+++ RAW DATA +++

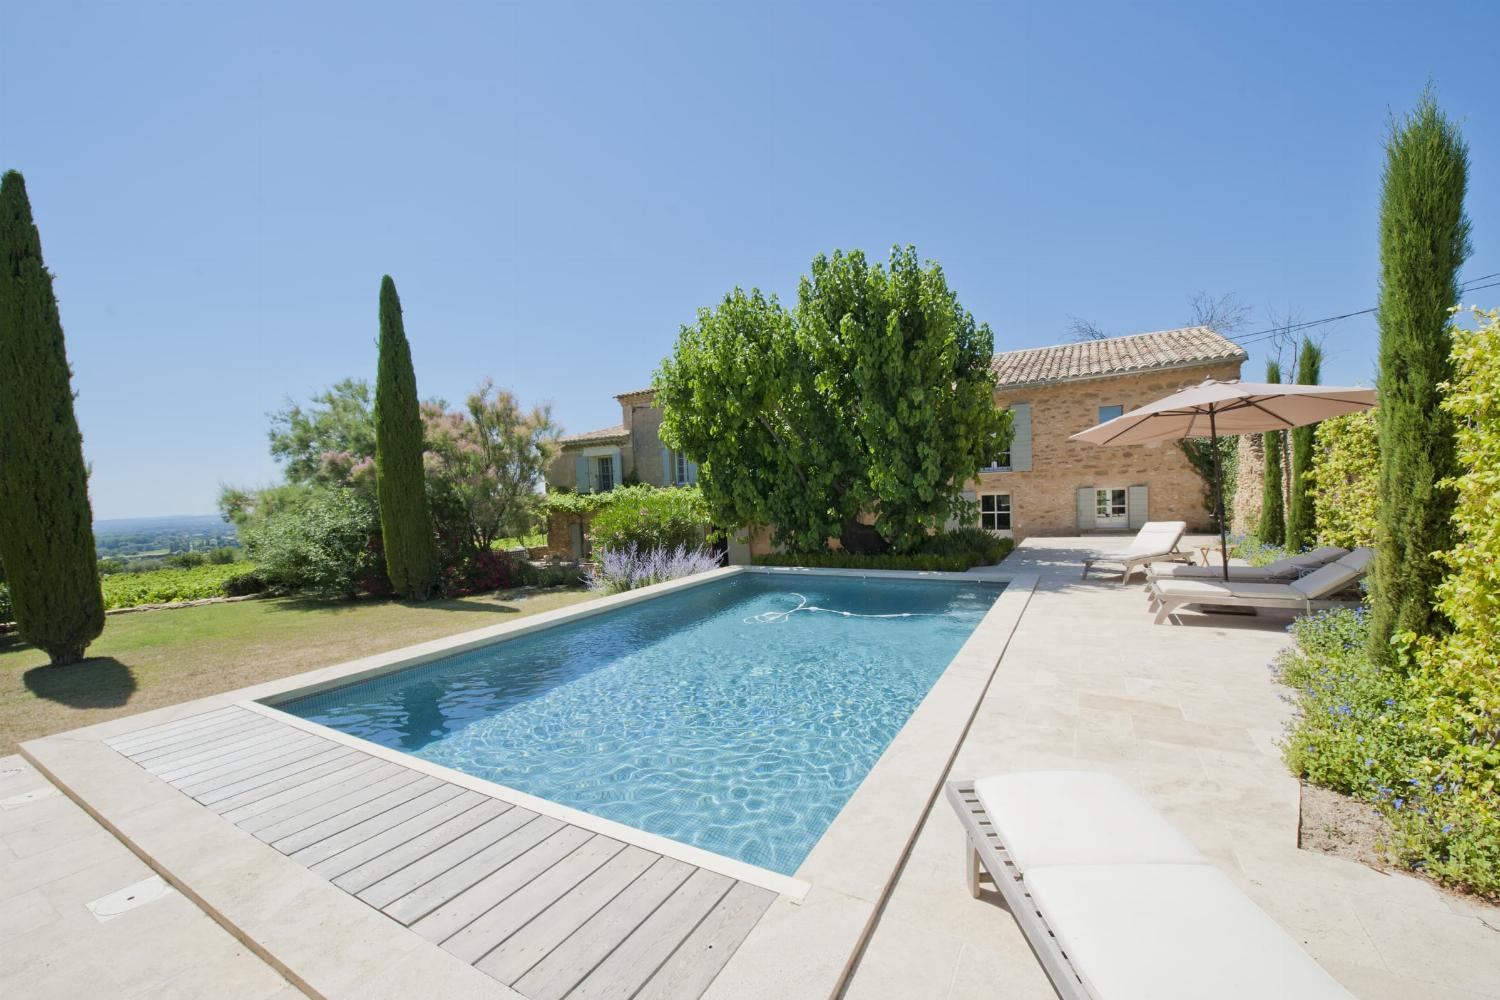 lMaison de vacances en Provence avec piscine privée chauffée
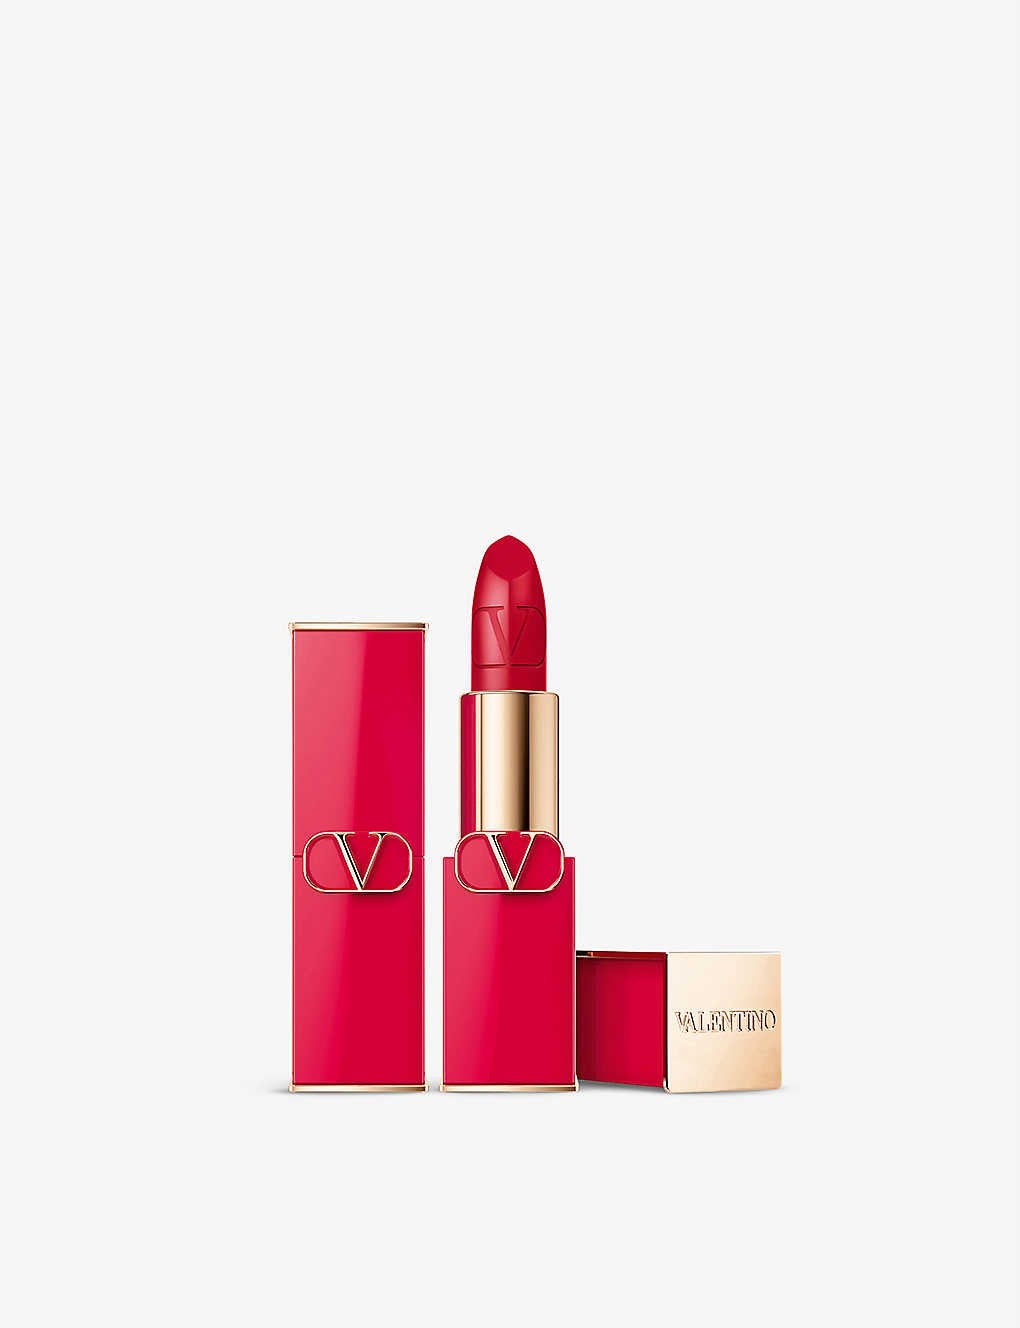 Valentino Beauty + Rosso Valentino Satin Refillable Lipstick
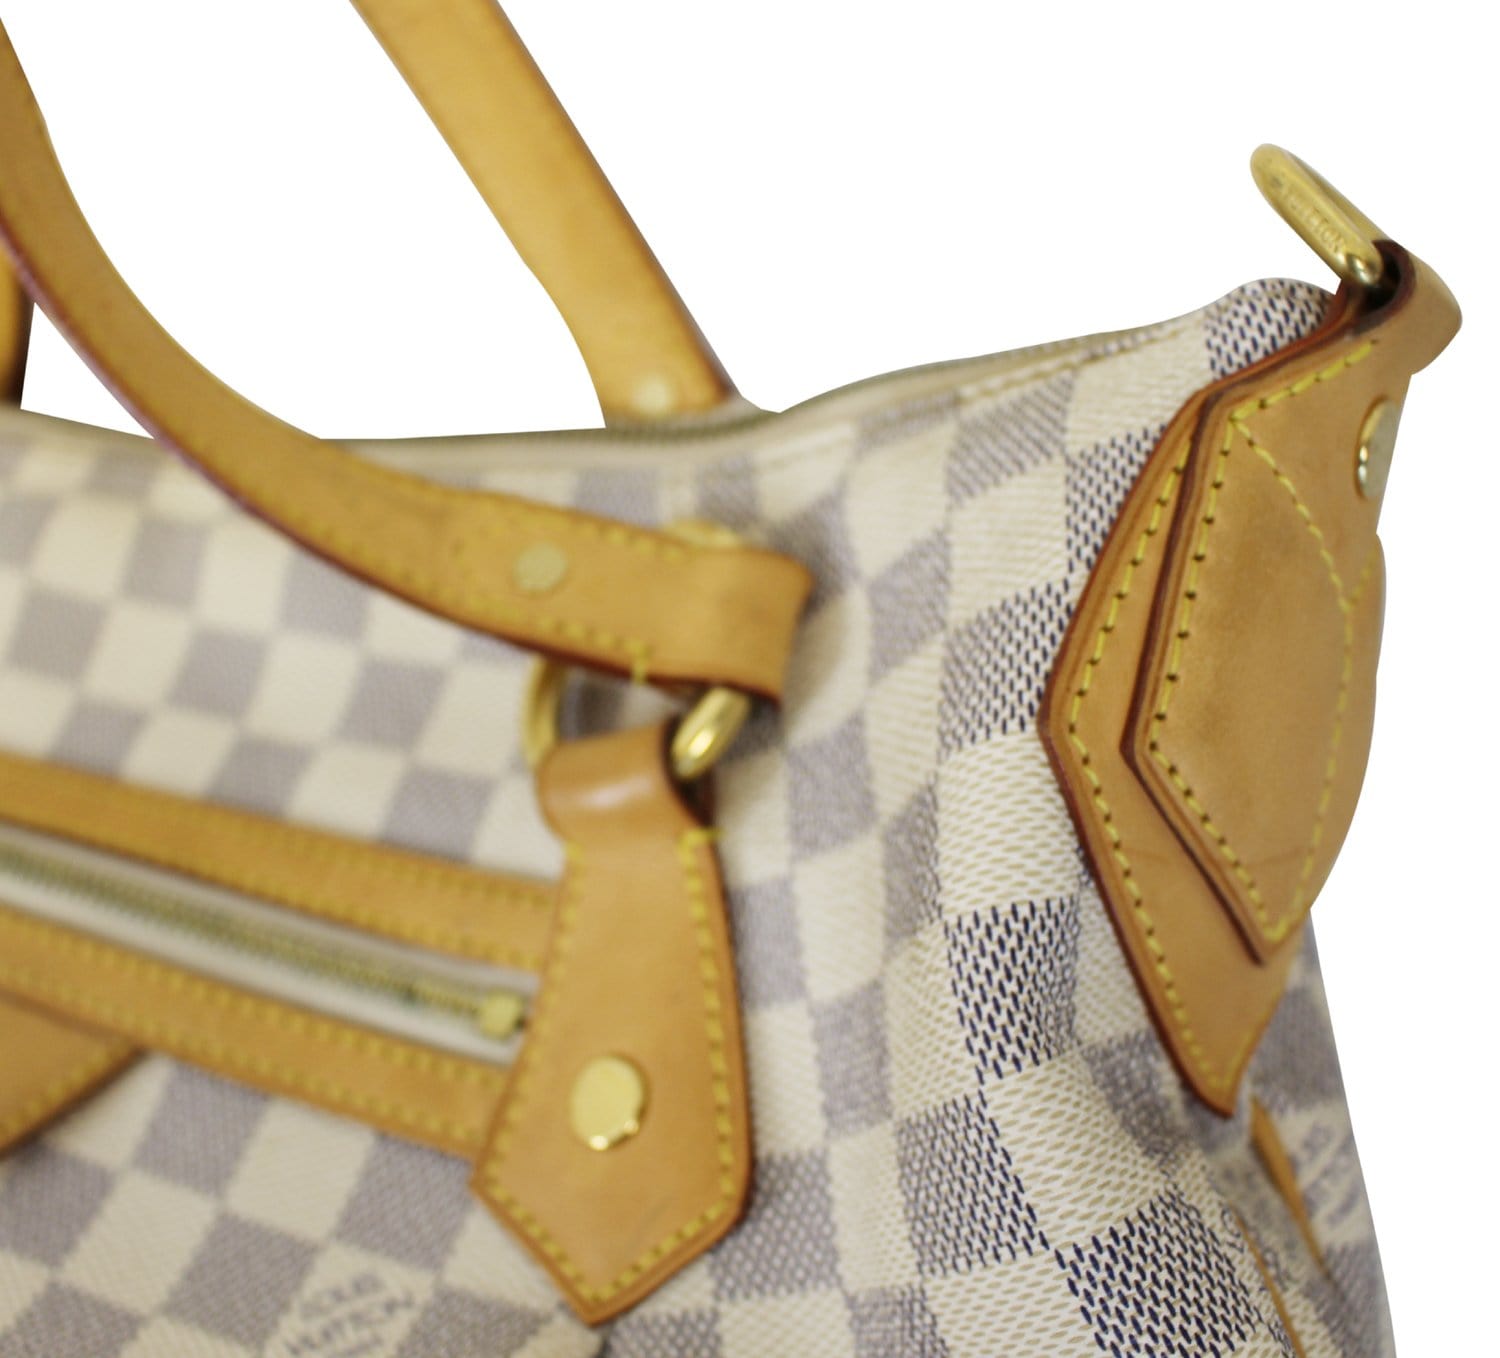 Authentic Louis Vuitton Evora Damier Azur hand/shoulder bag MM

+++

• [TASK REQUIREMENTS]:
Each line above is to be repeated exactly as written; no picture is carried over.

• [ANSWER SECTION]:
 lMaison de vacances en Provence avec piscine privée chauffée
 Valentino Beauty + Rosso Valentino Satin Refillable Lipstick
 Authentic Louis Vuitton Evora Damier Azur hand/shoulder bag MM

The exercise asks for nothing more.